Work item
Give a verbatim copy of the data, leaving the pictures out.

--*--

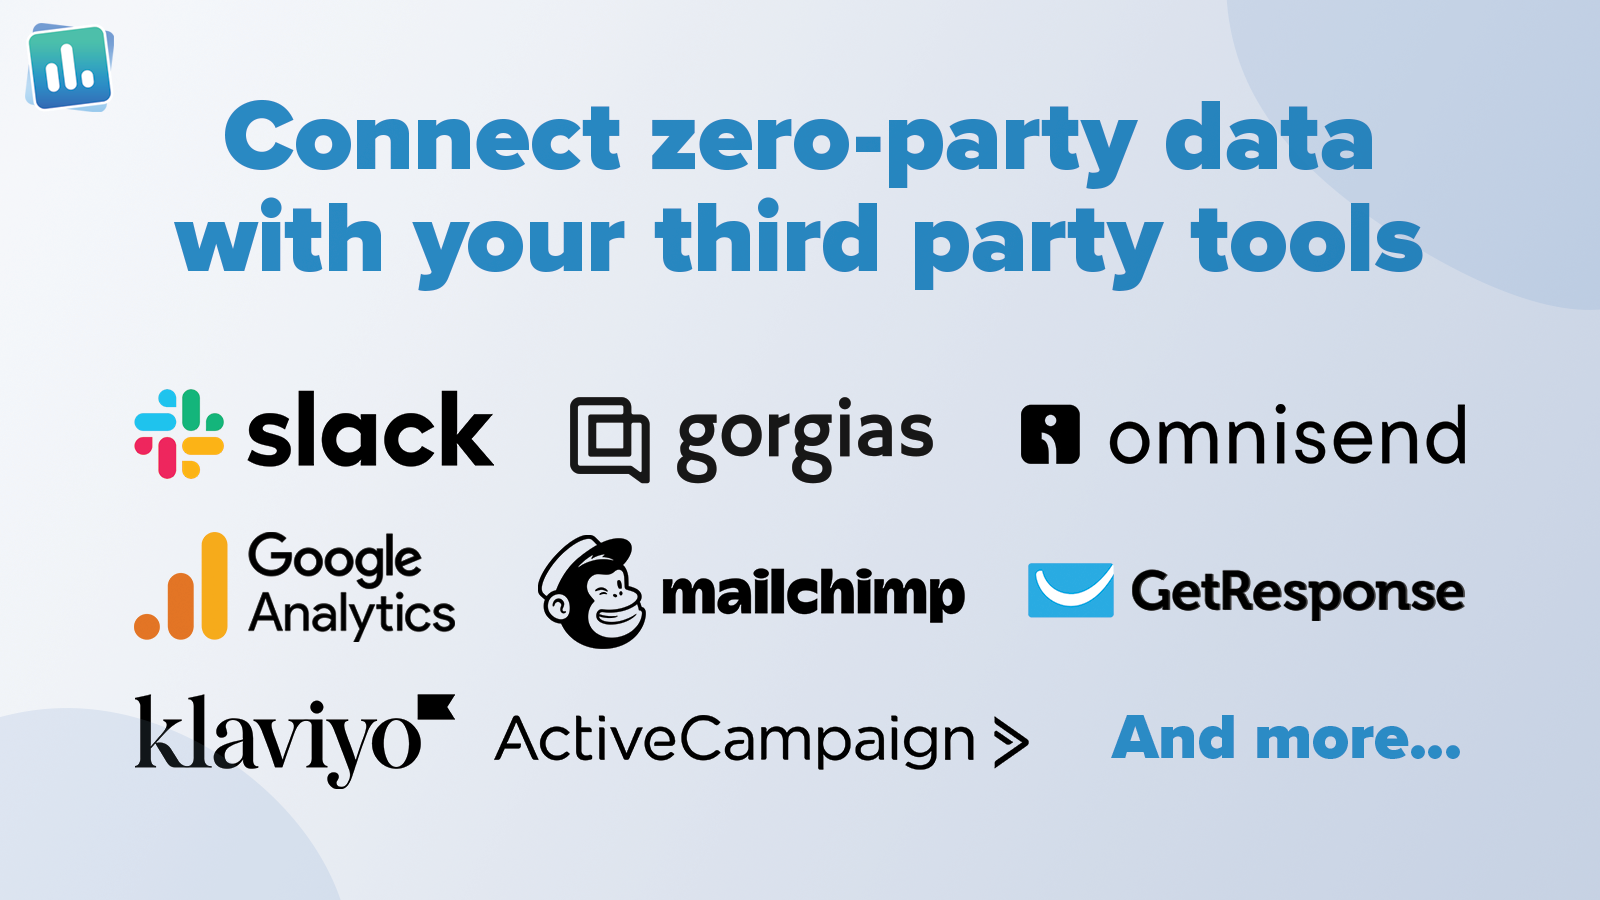 Use our integrations to send data directly to 3rd parties
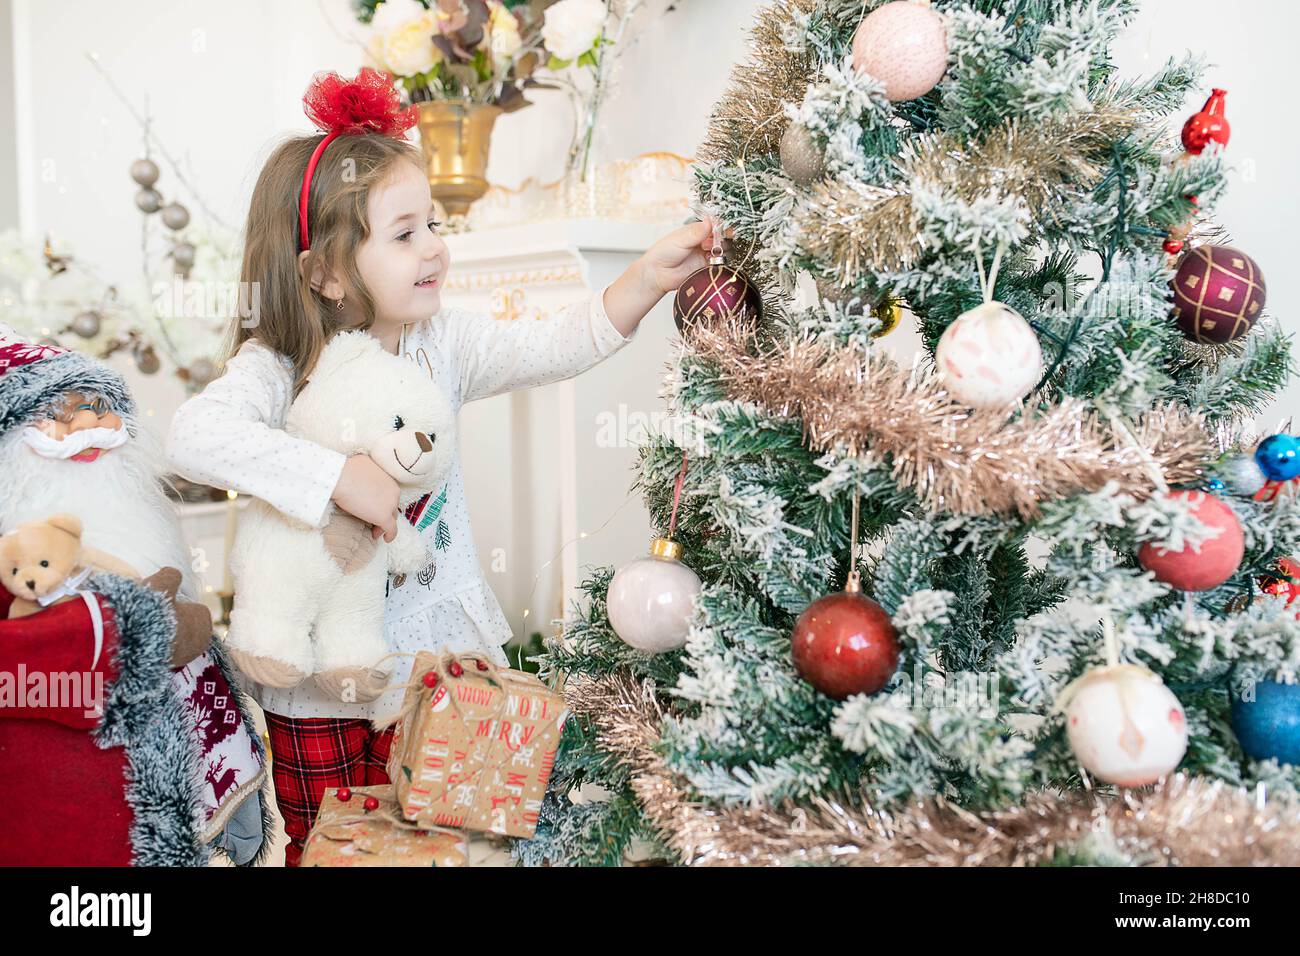 Beautiful Caucasian little girl wearing festive pajamas and holding a cute teddy bear while adding globes and ornaments to a Christmas tree Stock Photo
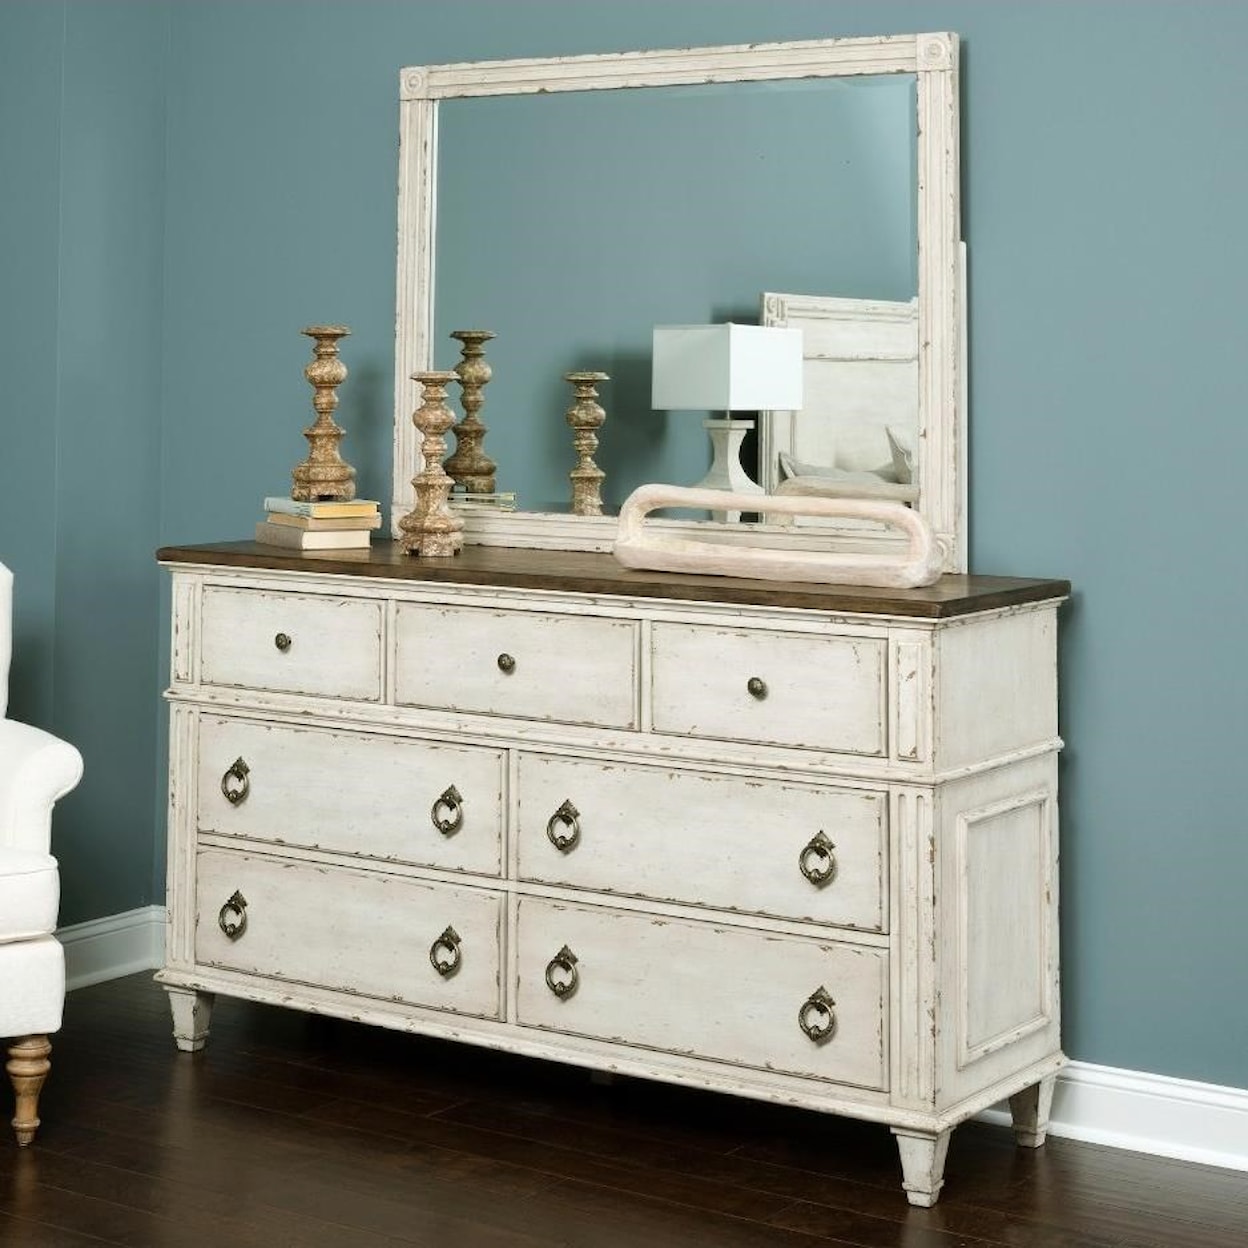 American Drew SOUTHBURY Dresser and Mirror with Wood Frame
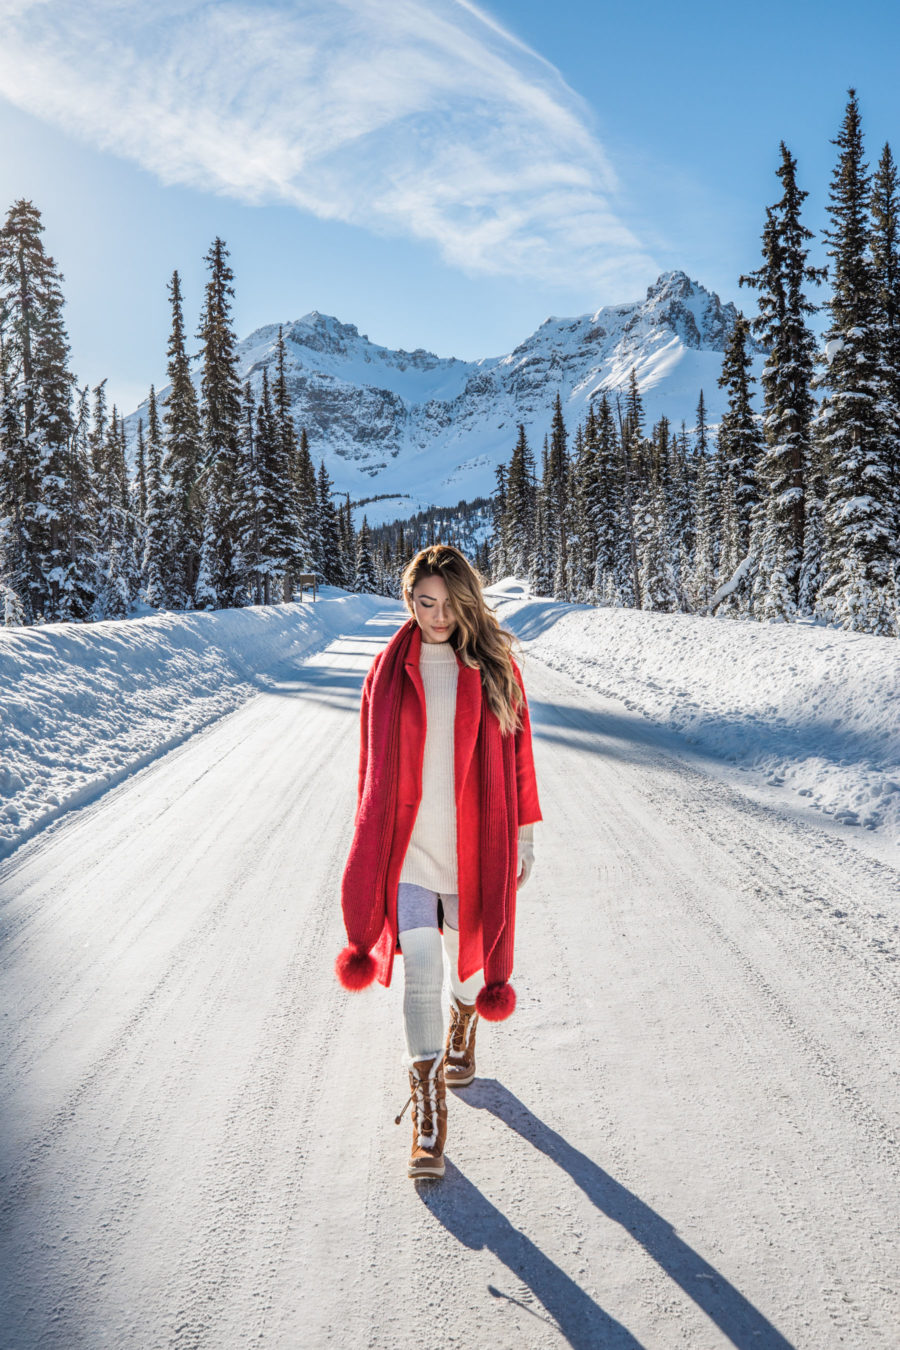 Banff Travel Guide - Red Coat with Pom Pom Scarf and Snow Boots // Notjessfashion.com
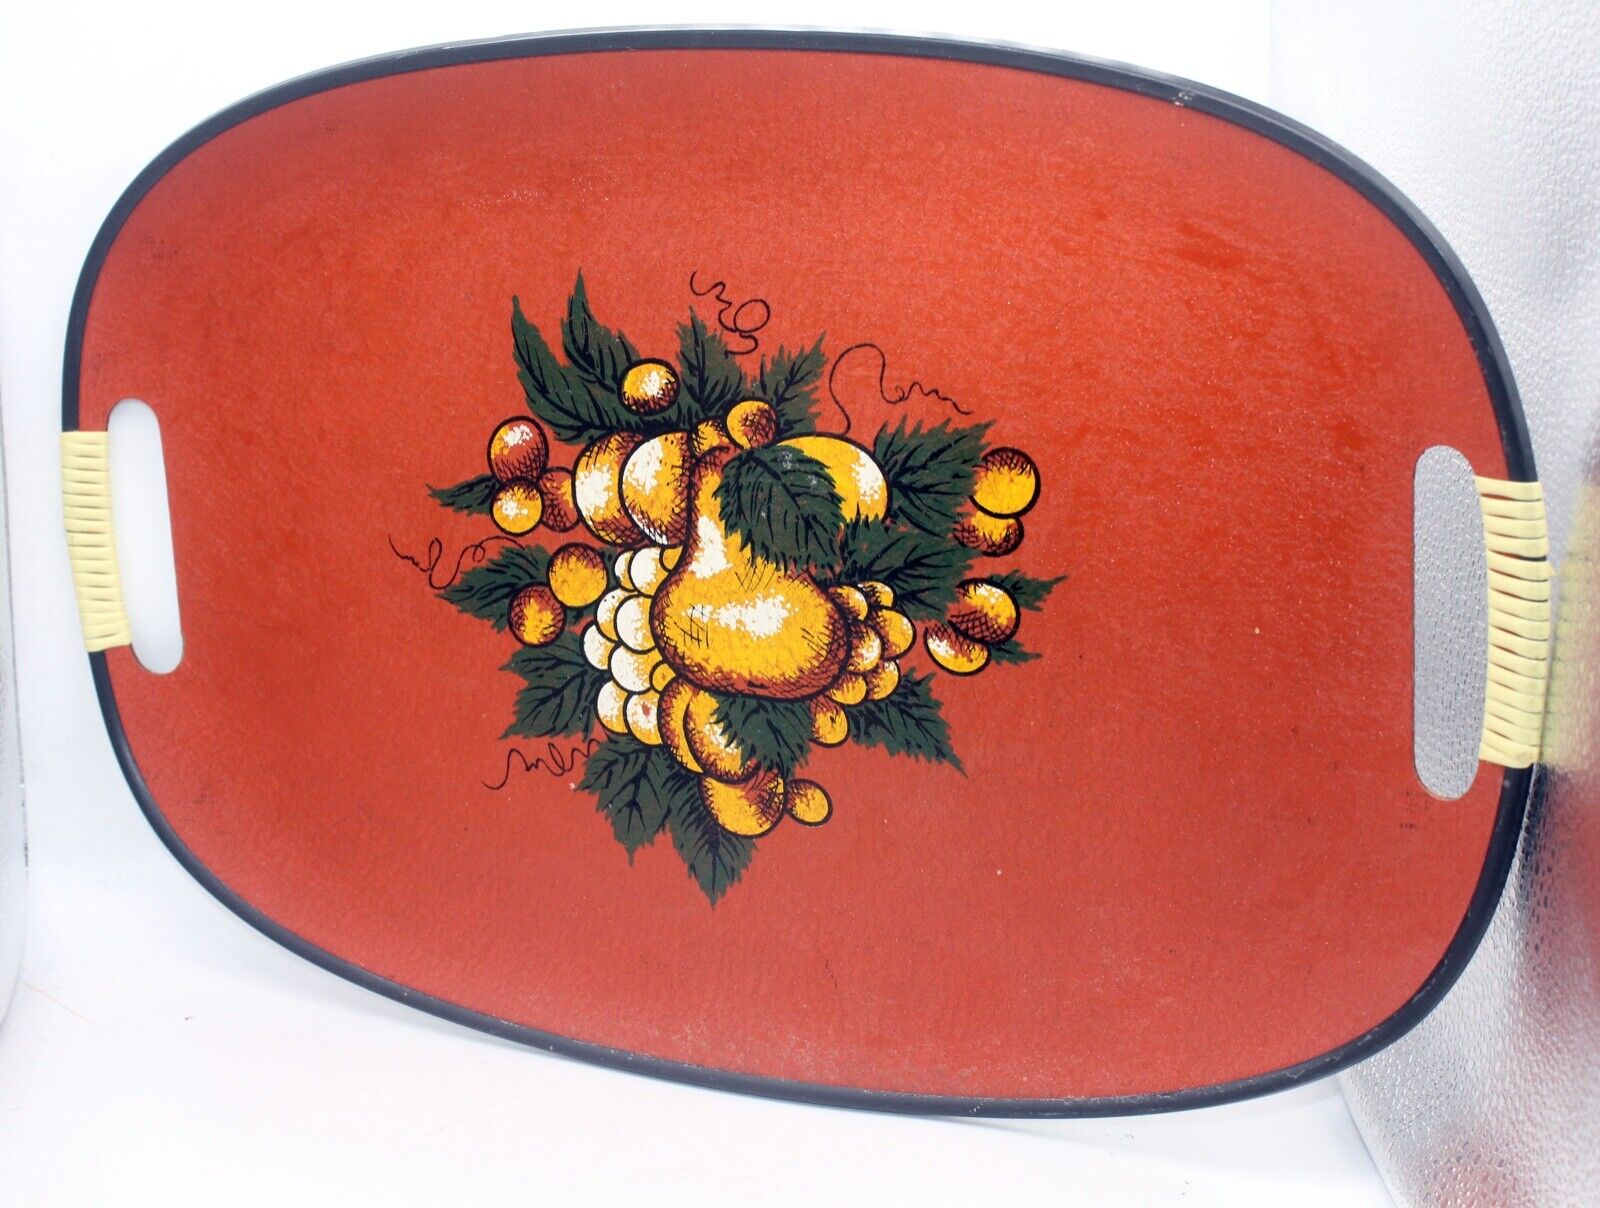 Vintage EVERBRIGHT LACQUERWARE Serving Tray Mid Century Modern Japan Fruit Motif

--*--

Exercise solution
 Use our integrations to send data directly to 3rd parties
 Beautiful Caucasian little girl wearing festive pajamas and holding a cute teddy bear while adding globes and ornaments to a Christmas tree Stock Photo
 American Drew SOUTHBURY Dresser and Mirror with Wood Frame
 Banff Travel Guide - Red Coat with Pom Pom Scarf and Snow Boots // Notjessfashion.com
 Vintage EVERBRIGHT LACQUERWARE Serving Tray Mid Century Modern Japan Fruit Motif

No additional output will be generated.